Hello, I am a super newbie with this stuff! I just purchased am RCA RT2870. My receiver is in a cabinet in the rear of the room, not in the front of the room, so it would be advantageous to switch the front/rear speaker placement as the rear speakers have longer wiring, thus putting them in the front (the farthest from the receiver) would allow me to use less extra wiring. Will this mess up the sound? Are the speakers pre-tuned to be front/rear speakers, or is all that work done by the receiver and determined by which input the speaker is connected to? I.E. are the front/rear differences coded into the speaker or the receiver? Thank you for your help!


----------



## eugovector (Sep 4, 2006)

I'm understanding that your speakers have non-removable wire. If the speakers are the same shape and size, you'll be able to switch them. If they are a different shape/size, simply extend the wire using some speaker wire and electrical tape/heat shrink.


----------



## murphy (Jul 11, 2009)

Yes, the wire is non-removable.
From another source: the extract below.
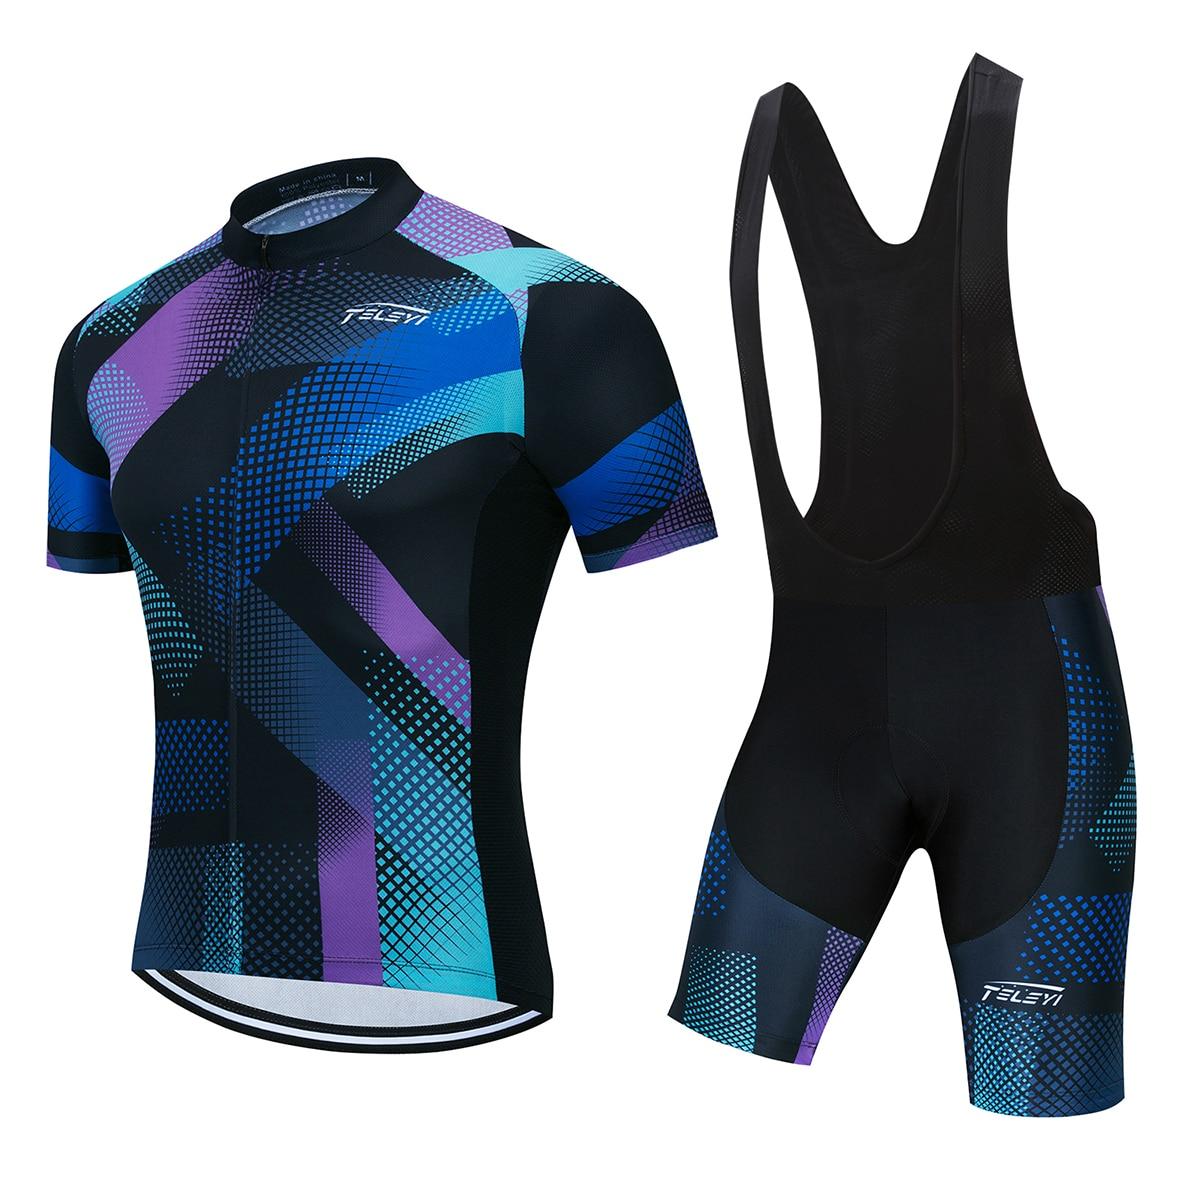 工場カスタマイズされたサイクリングジャージ diy 半袖ジャージ 5D ゲルパッドビブショーツ自転車レーシングチームバイカー男性女性サイクリングスーツ

The speakers are the same size/shape; the only thing that makes me worry is that the manual lists the preprogrammed distance for the front speakers as 10 ft and the rear as 15, and it also mentions that the front speakers are magnetically shielded to reduce interference. I wonder whether these are accomplished on the speaker end or the receiver end.


----------



## eugovector (Sep 4, 2006)

If you don't have a CRT TV, the magnetic shielding won't matter. If you do have a CRT, use the wire/tape method. The distance is the distance from the speakers to your ears, not the speakers to the amplifier. If your room isn't big enough to position the speakers 15' from your ears (and I envy the person whose room is), just make sure that the rear speakers are about 1.5 times the distance from your ears as the front speakers.


----------